Troubling Method: Narrative Research as Being
English
By (author): Paul Eaton Petra Munro Hendry Roland Mitchell
Troubling Method seeks to extract narrative inquiry from method. The shift to a post-humanist, post-qualitative moment is not just another stage in modernism that seeks to improve knowledge production, but is a shift to understanding research as an ontology, a way of being in the world, rather than a mode of production. Fundamental assumptions of research: method, data, analysis, and findings are deconstructed and reconfigured as a mode of relational intra-action.

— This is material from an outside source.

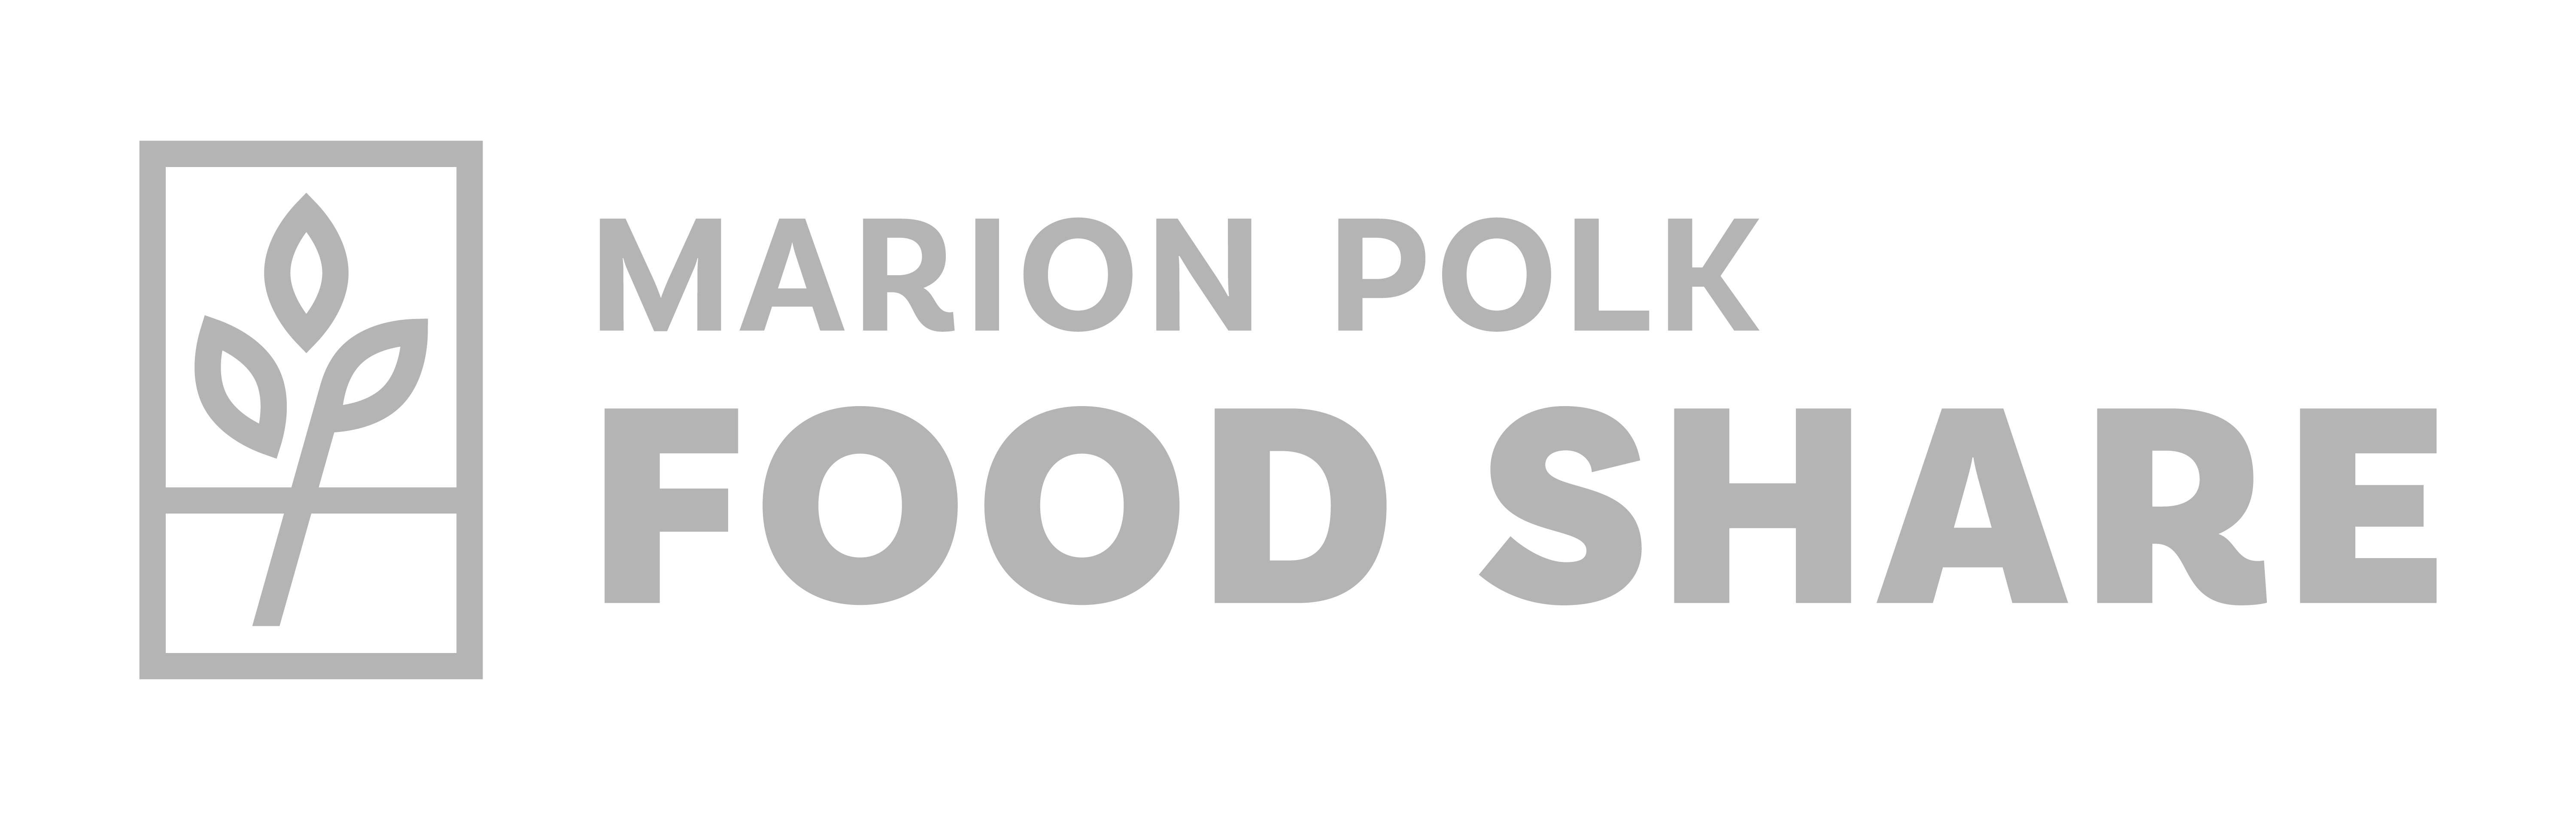 Food-Share-logo-primary-green-grey
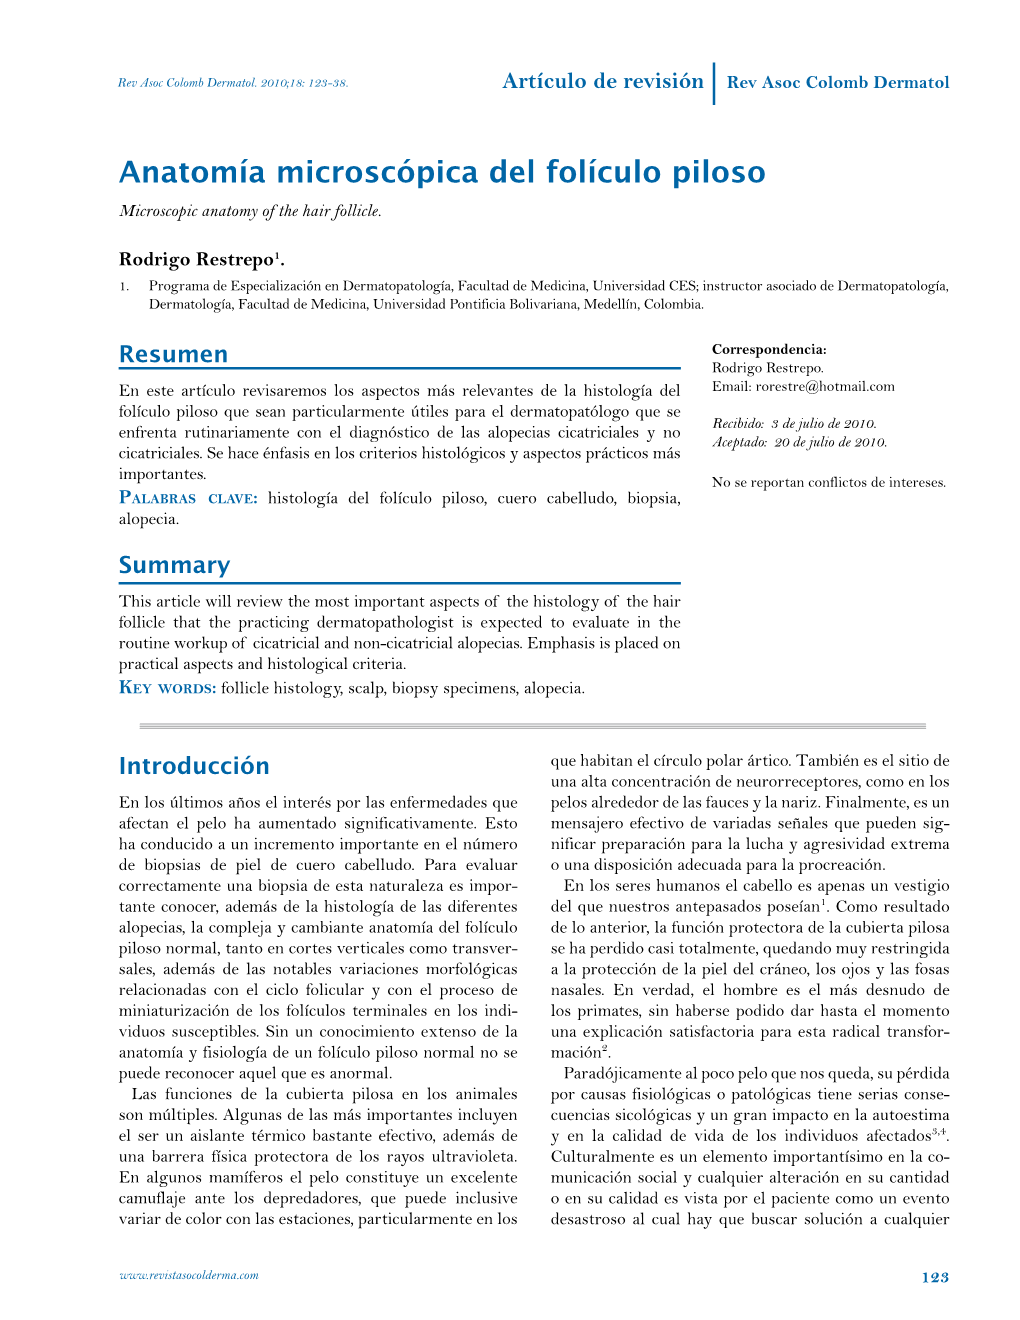 Anatomía Microscópica Del Folículo Piloso Microscopic Anatomy of the Hair Follicle

Troubling Method is constructed as a dialogue between the three authors, focusing on their work as qualitative, narrative researchers. The authors revisit six previously published works in which they grapple with the contradictions and ironies of engaging in pragmatist, critical, and feminist qualitative research. After a lengthy introduction which problematizes method, the book is divided into three sections, each with two chapters that are bracketed by an introduction to the issues discussed in the chapters and then a dialogue interlude in which the authors deliberate what makes possible the questions they are raising about method and narrative research. The three sections attend to the central premises of narrative research as being: 1) relationships, 2) listening, and 3) unknowing.
Troubling Method is ideal for introductory or advanced courses in qualitative research, narrative inquiry, educational research, and those aimed at employing critical theories in qualitative and narrative inquiry.